To My Past Self
I learned not to apologize for my feelings.
I’m trying to envision that it is 2027 — five years from now.
There is no longer a global pandemic dominating our lives. I’m sure Covid is still around, but it has become endemic. Maybe we still wear masks in crowded places. Maybe we’re still getting vaccine boosters every six months. But our world has resumed some semblance of “Before” though we can never really go back to pre-pandemic life.
I’m in a different place. Born from exhaustion, necessity, and a firm grasp of boundaries, I took control where I could. Everything else was spiraling — school safety, discourse on science and medicine, the pillars of democracy. I can’t do anything about those things. But I realized that I could control what I was willing to tolerate. And now, five years later, I’m better for it.
Five years before the pandemic, I got my first real lessons in boundaries. When Nelle and Iris died, I faced all kinds of Opinions about how I should grieve. “You should move on.” “You can have another baby.” “Your grief is irrelevant to work.”
Through a support group, I learned to push back. To not apologize for my feelings.
I became less tolerant of bullshit, because I just didn’t have the energy. I also didn’t have any fight left.

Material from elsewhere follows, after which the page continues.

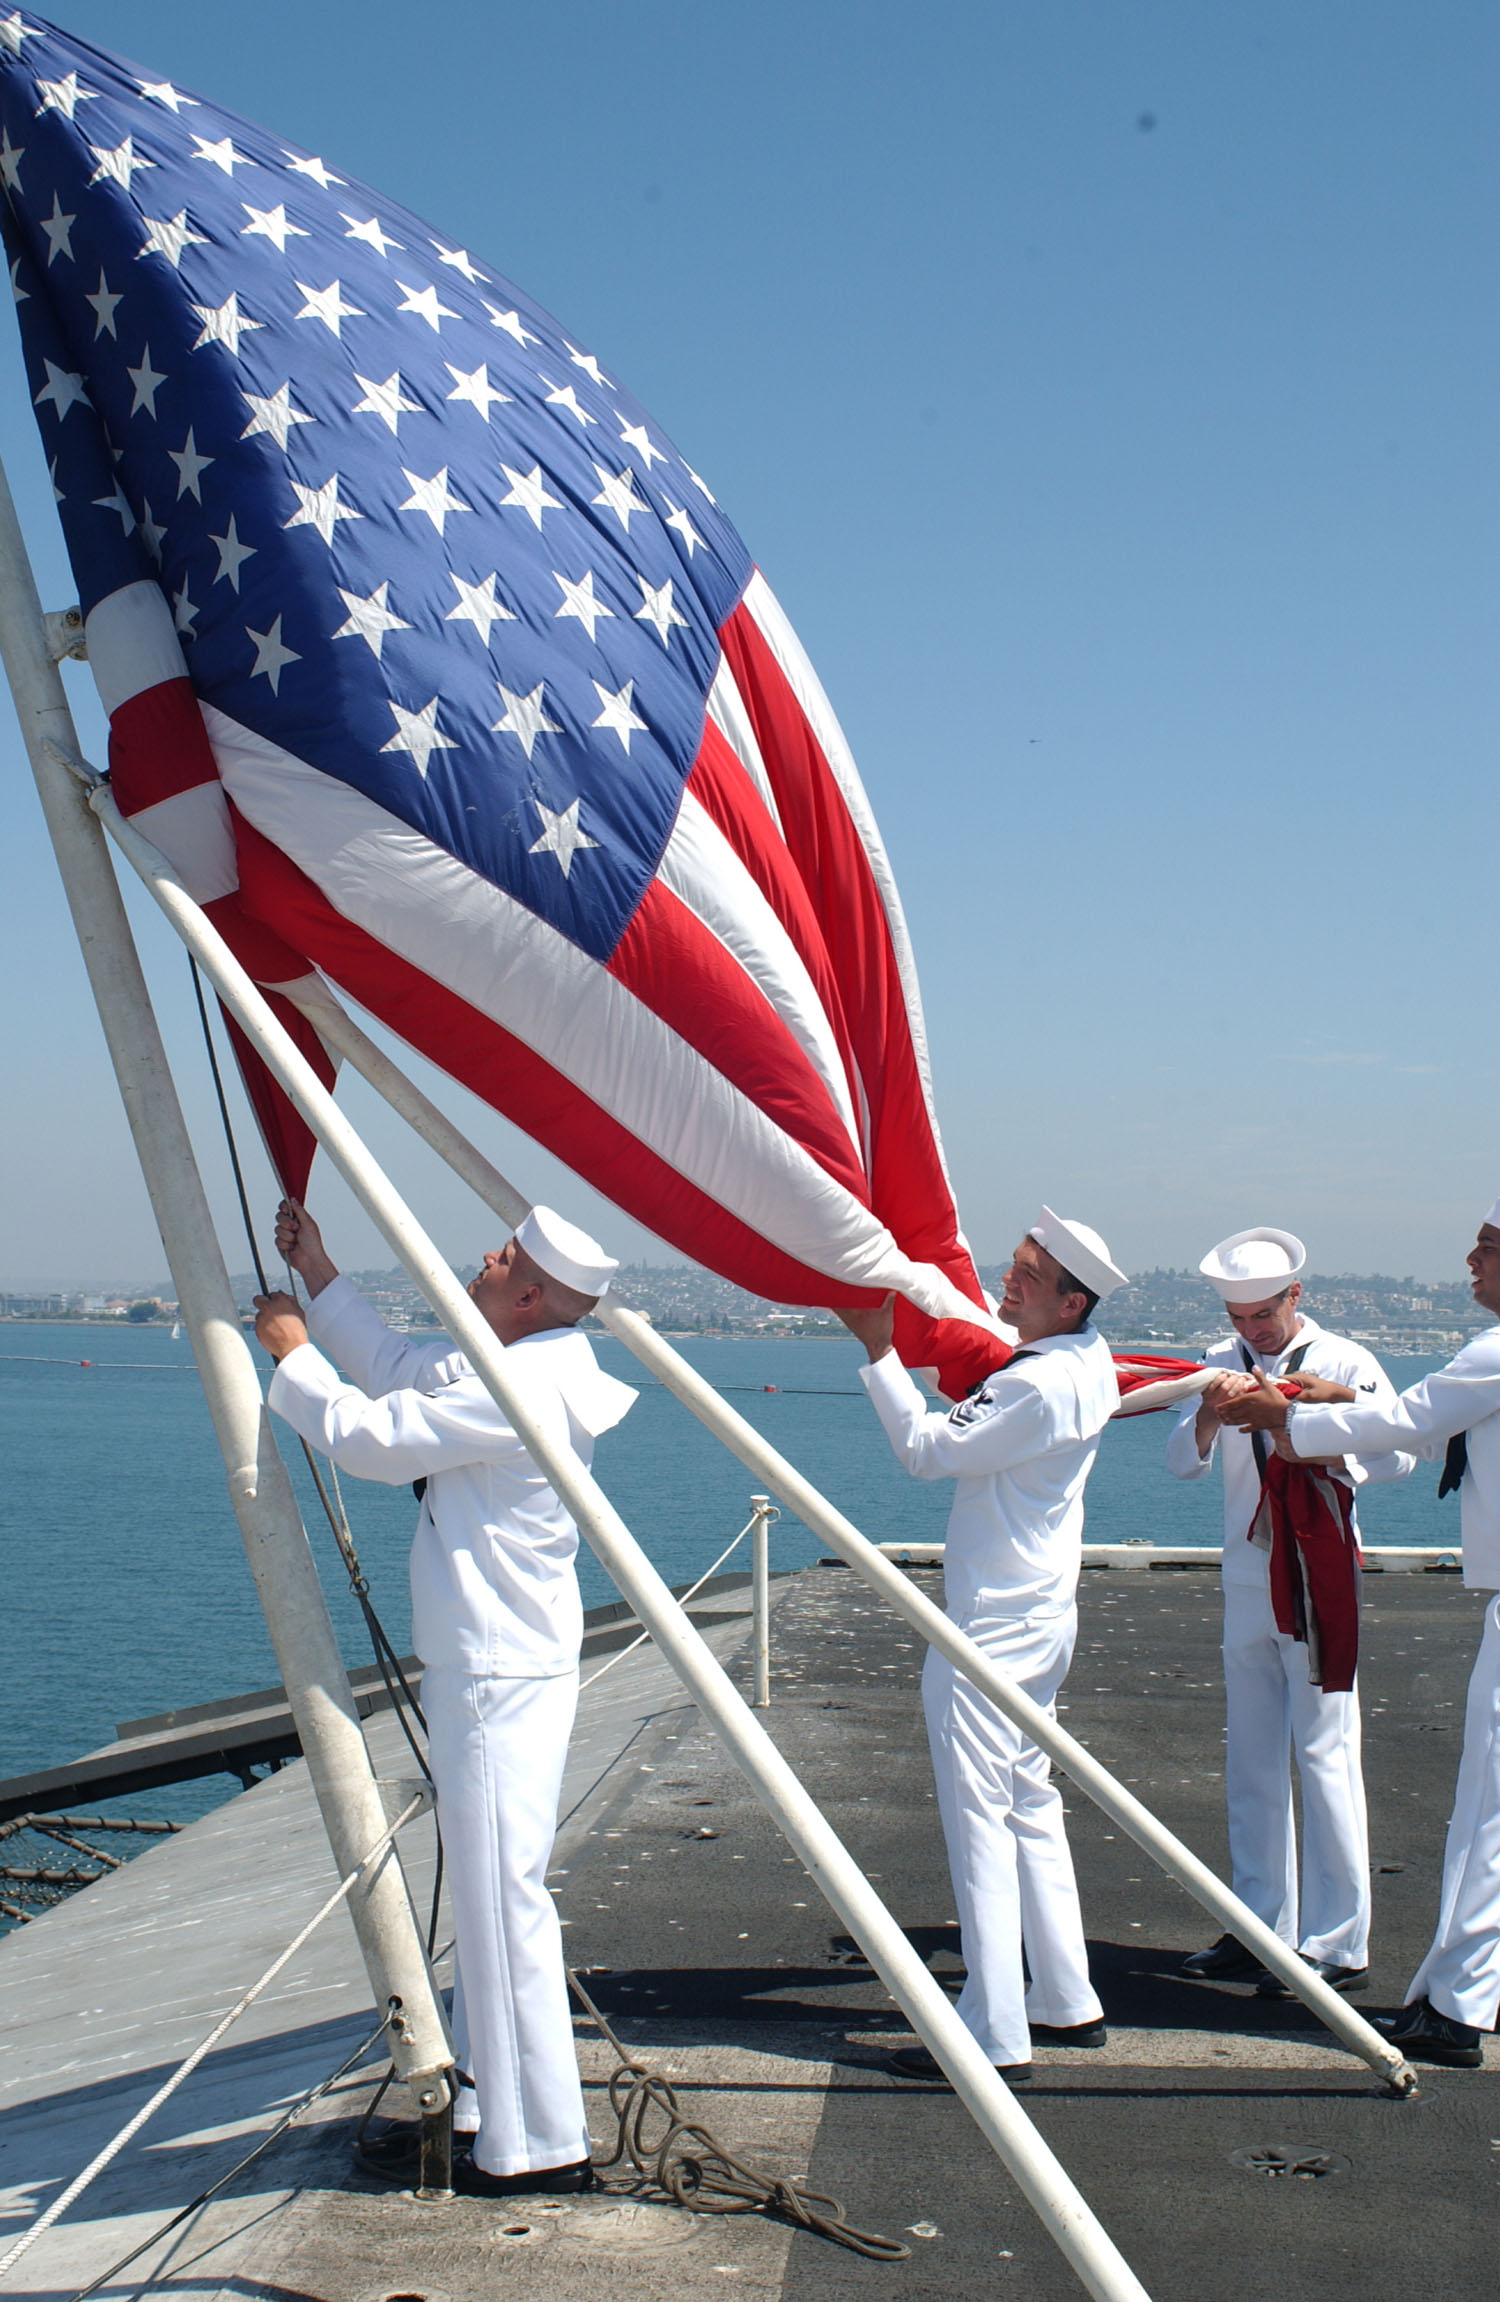 US Navy 030807-N-1356A-002 Sailors aboard USS Constellation (CV 64) lower the colors for the last time during the ships decommissioning ceremony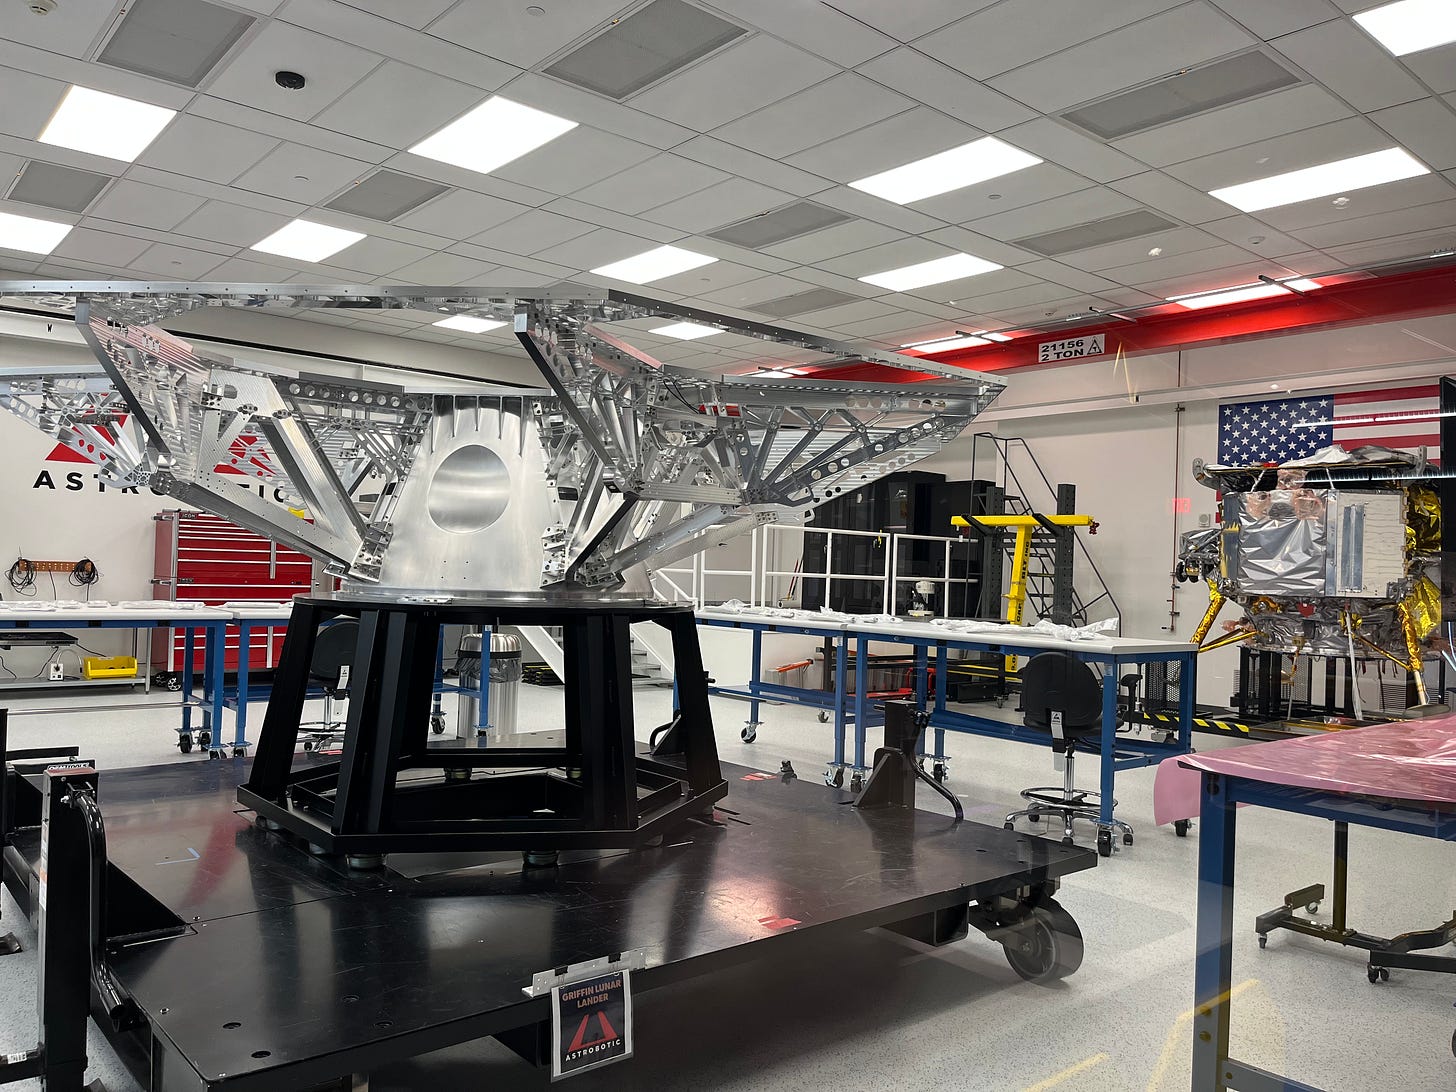 A photo of a smallish cleanroom. In the foreground is the bare metal skeleton of the Griffin lander, shaped roughly like a large satellite dish. In the background is the smaller but more complete Peregrine lander, a squat shiny silver box with spindly legs covered in gold foil.

I realized the freeing power of putting up barriers between myself and people who didn’t get it.
I also learned that I could not control grief or healing. I could do the work in therapy and find ways to honor my babies… and still find myself crying in my car when I hear a certain song, even years later. I accepted that grief had to run its own course.
As the pandemic progressed, much of my pre-Covid life slipped away. Anxiety mounted. We thought we would be isolated for a few weeks. Weeks turned into months, months turned into a year.
As time passed, I found myself channeling what grief had taught me: I can’t control everything. But I can control some things. I put up more barriers between work and life. I carved out (and guarded) time to focus on my own projects. I realized that if I don’t take care of myself, I can’t take care of the people that I love — and they depend on me.
So I’m envisioning my 2027 self looking back on my 2022 self and saying, “I’m proud of you.”
I’m proud of you for doing work that fulfills you.
I’m proud of you for creating.
I’m proud of the effort you put in and the goals you set for yourself.
Back in 2016, just a few months after Iris died, I wrote a letter to my 8-year-old self. I opened with, “Never stop writing, little one.” My 2027 self would say the same thing to the person I am today. Writing supported me through grief, though a pandemic, and now has become the fuel for the person I hope to become.